Singulex, Thermo Fisher to Develop Test for Sepsis, SIRS
Singulex has entered a license and supply agreement with Thermo Fisher Scientific that provides Singulex access to Thermo Fisher’s Brahms PCT assay for procalcitonin. In Europe, this assay is used to diagnose systemic bacterial infection and sepsis, while in the U.S. it aids in assessing the risk of critically ill patients developing severe sepsis and septic shock, as well as the risk of mortality in patients diagnosed with sepsis. Under the terms of the agreement, Singulex will combine its proprietary Single Molecule Counting (SMC) technology with Brahms PCT to develop a sepsis and systemic inflammatory response syndrome rule-out and rule-in test for the Sgx Clarity system. The Sgx Clarity system is currently in development and is a fully automated, next-generation immunodiagnostics platform designed to bring Singulex’s SMC technology to hospital and reference labs worldwide. SMC technology is highly sensitive, and the two companies believe that applying it with the Brahms PCT assay will enable the detection of procalcitonin at levels lower than previously attainable.
Celgene, Dana-Farber, University of Arkansas Launch Myeloma Genome Project
Celgene, Dana-Farber Cancer Institute, and the University of Arkansas for Medical Sciences have established the Myeloma Genome Project, a collaboration that aims to compile high-quality genomic and clinical data to identify distinct molecular disease segments within multiple myeloma. Current technologies have discovered five major translocation groups within myeloma patients and these mutations have demonstrated varying effects on prognosis. To build on this, the Myeloma Genome Project is looking at minor translocation and mutational groups that are often poorly described due to small sample numbers in limited data sets. The project has already established a set of 2,161 patients for whom whole exome sequencing, whole genome sequencing, targeted panel sequencing, and expression data from RNA-sequencing and gene expression arrays are available. As the next step, the initiative has begun to integrate these diverse, large genomic data sets and is identifying genetic information that may inform clinical targets for therapy as well as the development of new tests.

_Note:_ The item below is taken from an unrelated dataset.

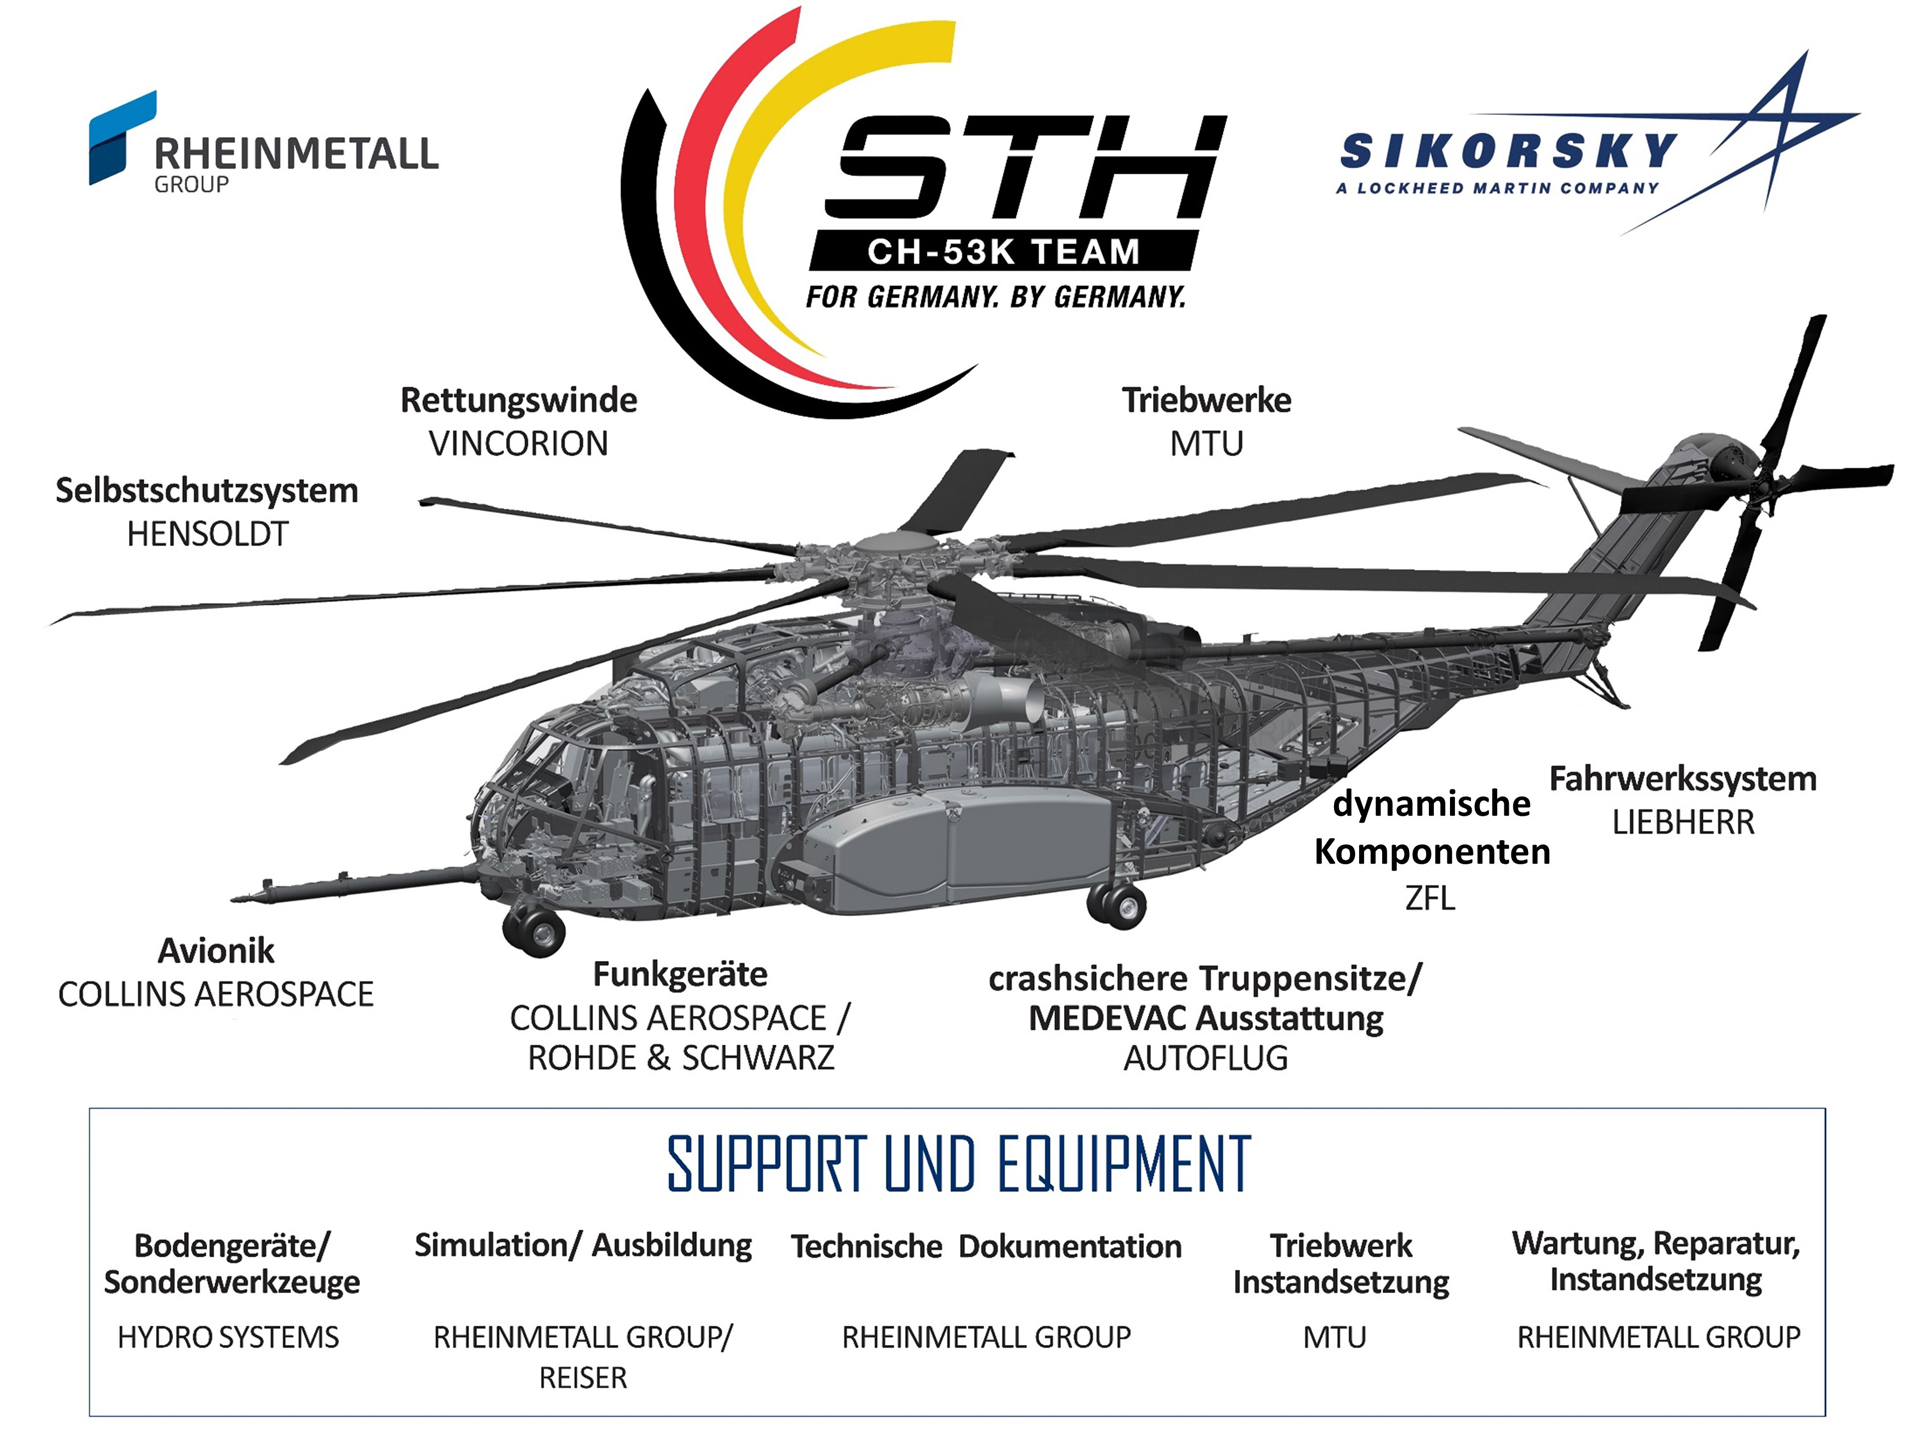 Dieses transatlantische Industrie-Team wird die wird benötigte Unterstützung der bestehenden CH-53G Flotte bereitstellen und steht gleichzeitig dafür zur Verfügung, die Luftwaffe während der Einführung und dem Übergang zur nächsten Generation von schweren Transporthubschraubern zu unterstützen.

Trovagene, Boreal Genomics Partner on Blood and Urine ctDNA Kits
Trovagene has entered a long-term supply and distribution agreement with Boreal Genomics, under the terms of which they will co-develop urine and blood circulating tumor DNA (ctDNA) assay kits. Through this partnership, the companies aim to address a gap between single-gene PCR assays that can be limited by sample availability and broad, expensive multigene panels hindered by low clinical sensitivity for mutation detection. They will each contribute proprietary technology and methods to develop a series of low-cost ctDNA assays for next-generation sequencing platforms run by laboratories of research institutions and cancer centers around the world. Initially, the panels will be designed to cover National Comprehensive Cancer Network-listed clinically actionable mutations for which there are targeted therapies or treatment options available. The companies intend to develop additional panels throughout the partnership as well, and Trovagene plans to globally distribute the assay kits for use on the Boreal OnTarget system.